You may find that you need to use one format for your own data recording and analysis and another for data preservation at the end of a project.
Future proof your file formats
We do not know which data formats will still be readable in 10 or 20 years time but the following guidance may help inform decision making:
|Use ASCII formats rather than binary formats||ASCII formats can be opened in a basic text pad application and the text within them should be readable. If your data can be viewed successfully in a text editor it should be readable into the future.||
A comma separated values (csv) file can be opened within a text editor and the data can be inspected within the text editor or can be imported into a range of other software packages.
An Excel spreadsheet (xlsx) can't be viewed within a text pad and future users of the data are reliant on having Microsoft Office or another package that can read these files.
|Use file formats with open specifications rather than closed formats||
Some file formats have open published specifications - documentation that describes the format in detail.
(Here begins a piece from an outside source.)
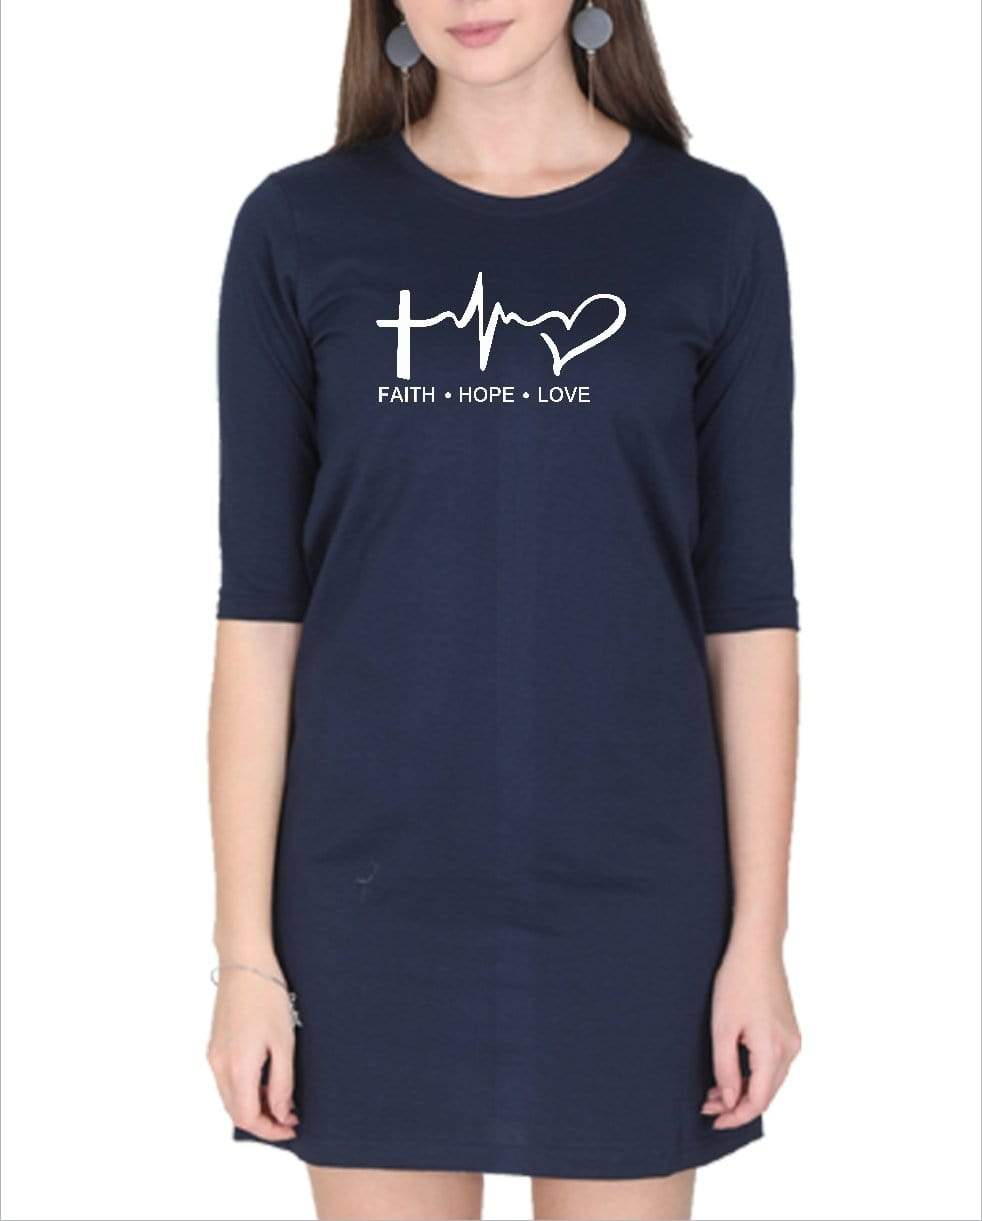 Living Words Women Round Neck T Shirt S / Navy Blue Faith Hope Love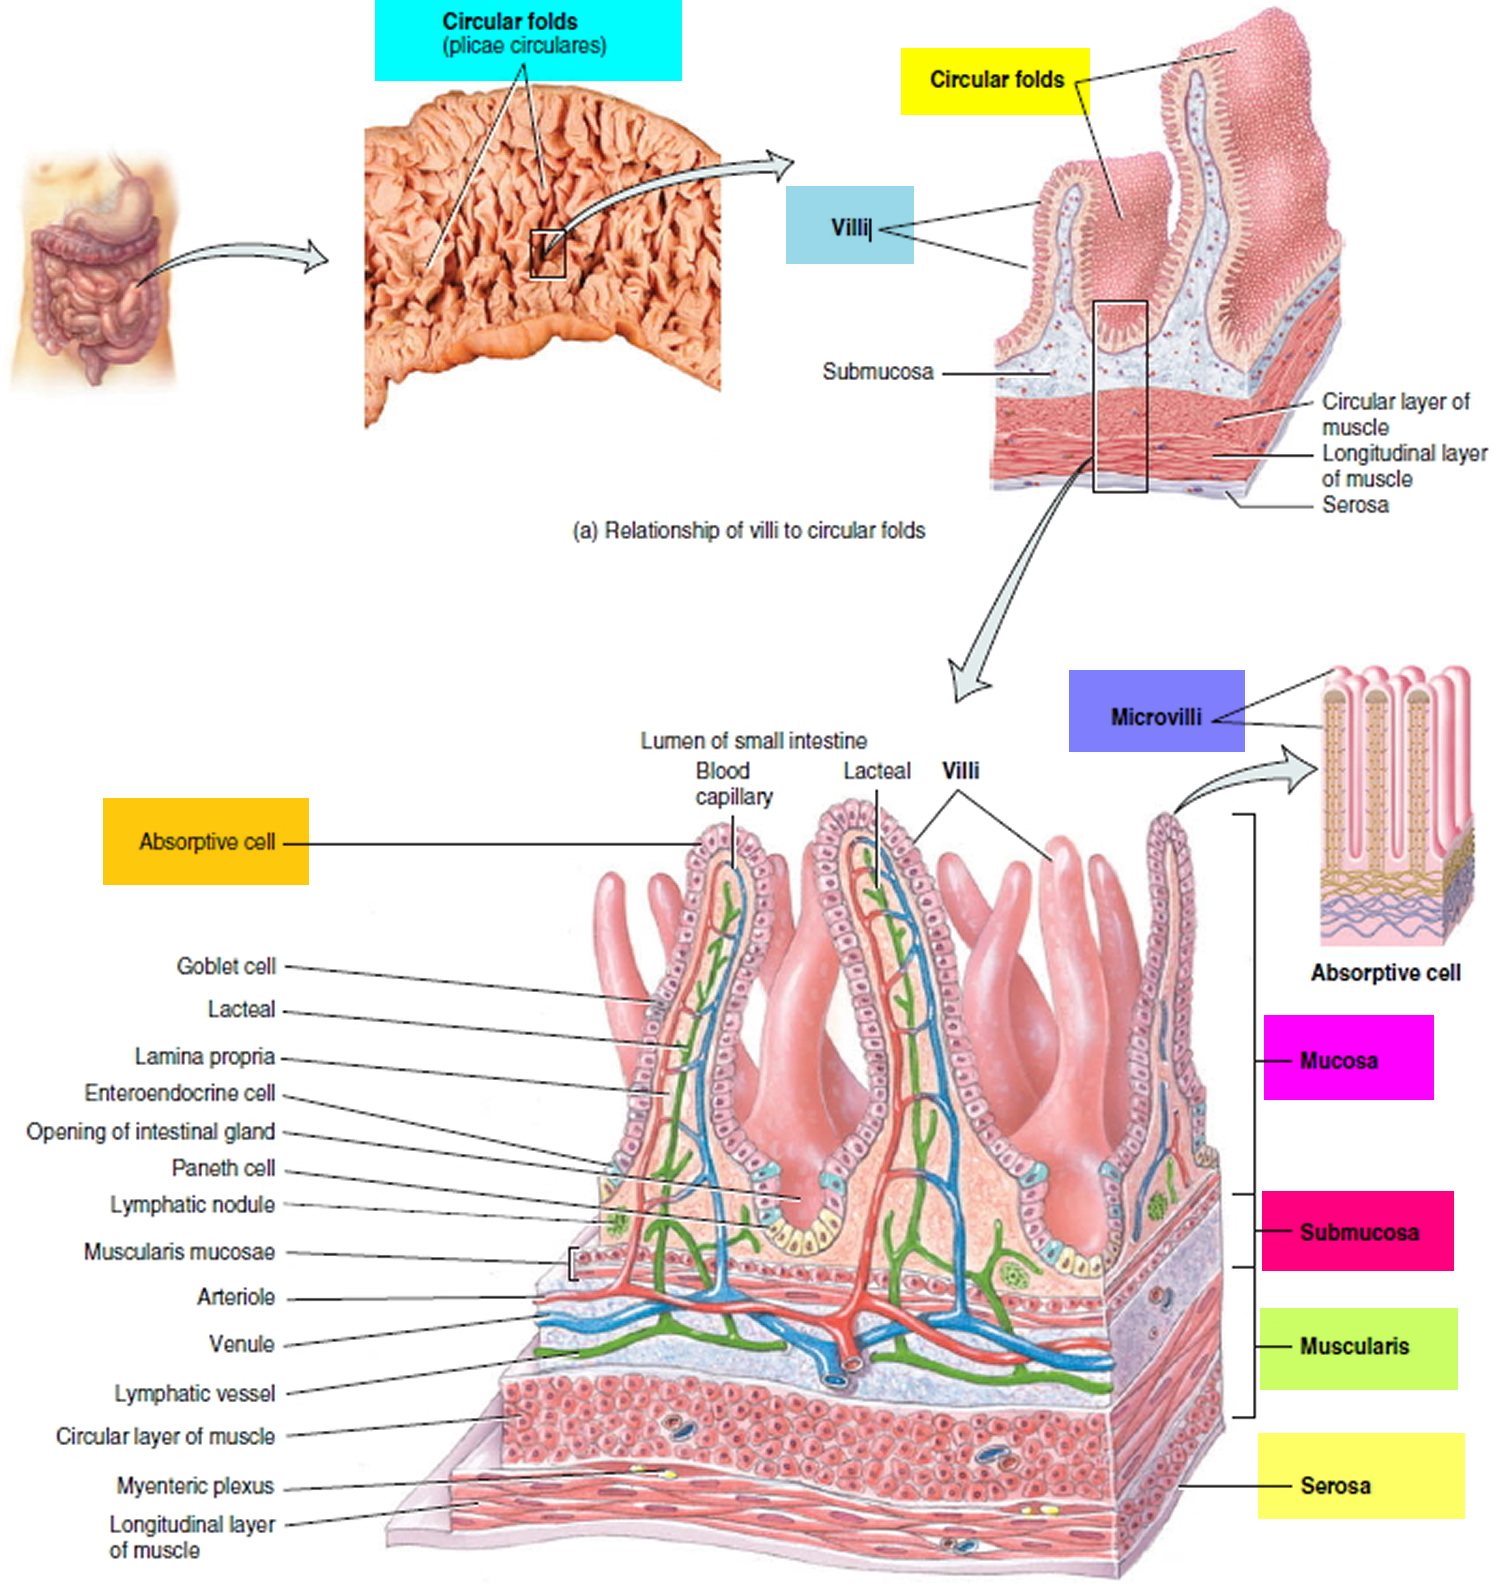 lumen of small intestine function

This is true of many of the popular standards currently in use.
If a file format has a published specification it would be possible for a developer to re-engineer a piece of software to read that file format even if the original creating application was no longer accessible.
|TIFF is a good format for long term preservation of digital image files. The TIFF image specification was published in 1992 and is available for anyone to consult|
|Use uncompressed rather than compressed formats||Compression is often introduced into file formats in order to make the data smaller and easier to store, however this can lead to data loss. Uncompressed versions of files should be maintained where possible.||Uncompressed TIFF is the de facto standard for storage of image files. Use of other formats that include compression (for example JPEG) will result in a lower image quality.|
|Adopt widely used formats not obscure ones||Ubiquitous file formats that are in very wide circulation are more likely to continue to be readable for some time. Even if the creating application becomes obsolete, it is likely that the critical mass of users will ensure future software providers will supply the necessary import routines.
For cutting edge research projects where the use of new techniques for data creation and analysis necessitate the use of obscure and niche file formats this will not be a major consideration.
|Popular file formats include Microsoft Office files, PDF files, TIFF, JPEG and PNG images.|
|Keep a copy of your files in their original format as produced by the creating application||
Original files from the creating application often contain more information than those that are subsequently derived from them.
Derived files may be of poorer quality due to the introduction of compression or the loss of other information such as metadata.
Derived files may also be harder to extract information from.
|An original Microsoft Word document is easier to preserve for the long term than a PDF version of the same file.
If your images were originally produced in TIFF format, the TIFF originals will be uncompressed and may also include valuable metadata that is not translated across into subsequent image formats.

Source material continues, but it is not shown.